6/19 Nonprofit Coalition Letter Urges FCC to Reject Cellular Industry Effort to Upend Historic Spectrum Sharing Framework

Regulatory/Legislative Filings
June 19, 2017

Today a broad-based coalition of nonprofit groups filed a letter calling on the Federal Communications Commission (FCC) to reject a proposal from the cellular industry, filed by CTIA on Friday, to re-open and revise the rules finalized more than a year ago for a new Citizens Broadband Radio Service (CBRS) that opens a large frequency band of unused Navy spectrum for small area, high-capacity broadband innovation.

The coalition represents consumers, public institutions and small business users of broadband, and includes the Schools, Health & Libraries Broadband Coalition, Next Century Cities, Engine, the R Street Institute, the American Library Association and the National Hispanic Media Coalition. 
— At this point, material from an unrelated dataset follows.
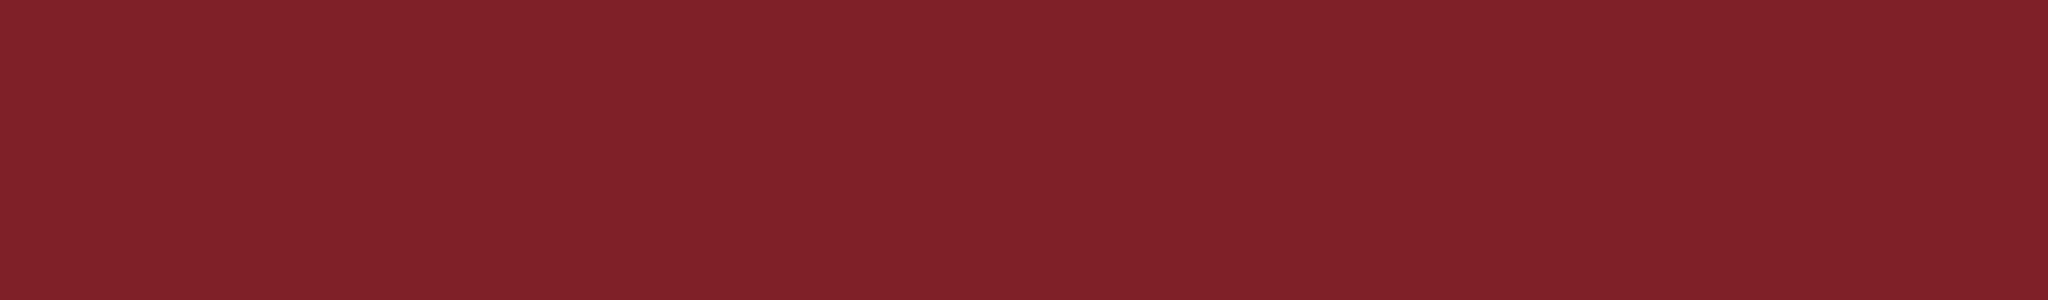 HSE 133216 ABS hrana s akryl fólií červená hladká lesk 90°

The coalition asks the FCC to instead move rapidly to complete implementation of this historic innovation in spectrum policy, which opens unused military spectrum for sharing with Priority Access Licenses that are available for small areas (census tracts) and short terms, thereby making them more useful and affordable to smaller operators and to venues for indoor use. 

The Citizens Band represents a unique experiment that opens military spectrum for shared use, using a sensing network and geolocation database to protect the shipborne Navy radars from interference. A unanimous Commission initially adopted its innovative CBRS spectrum-sharing Order in 2015. 

The FCC finalized the issue more than a year ago, when the commissioners again voted 5 – 0 to adopt further rules, resolve petitions for reconsideration, and task industry stakeholders to develop a consensus on technical standards that includes Spectrum Access Systems capable of coordinating dynamic sharing, and a coastal sensing network capable of protecting U.S. Navy operations from harmful interference.

“CTIA is once again trying to ensure that licenses are too large and too expensive for anyone but the big incumbent cellular carriers,” said Michael Calabrese, who directs the Wireless Future Project at New America’s Open Technology Institute. “With consumers and so many other companies poised to benefit, it is deeply disappointing that the FCC might even consider such a fundamental change so obviously aimed at stifling wireless competition and innovation.”

“The CBRS framework allows even the smallest rural operators, market entrants and individual venues to access this small cell spectrum to pioneer or implement innovative new services,” the letter states.

As examples, the coalition letter describes deployments of affordable and high-capacity rural broadband networks, private “neutral host” LTE networks that offer seamless, high-bandwidth connectivity for customers of any cellular carrier inside venues, as well as a NASCAR virtual reality zone demonstrated at the Las Vegas Motor Speedway.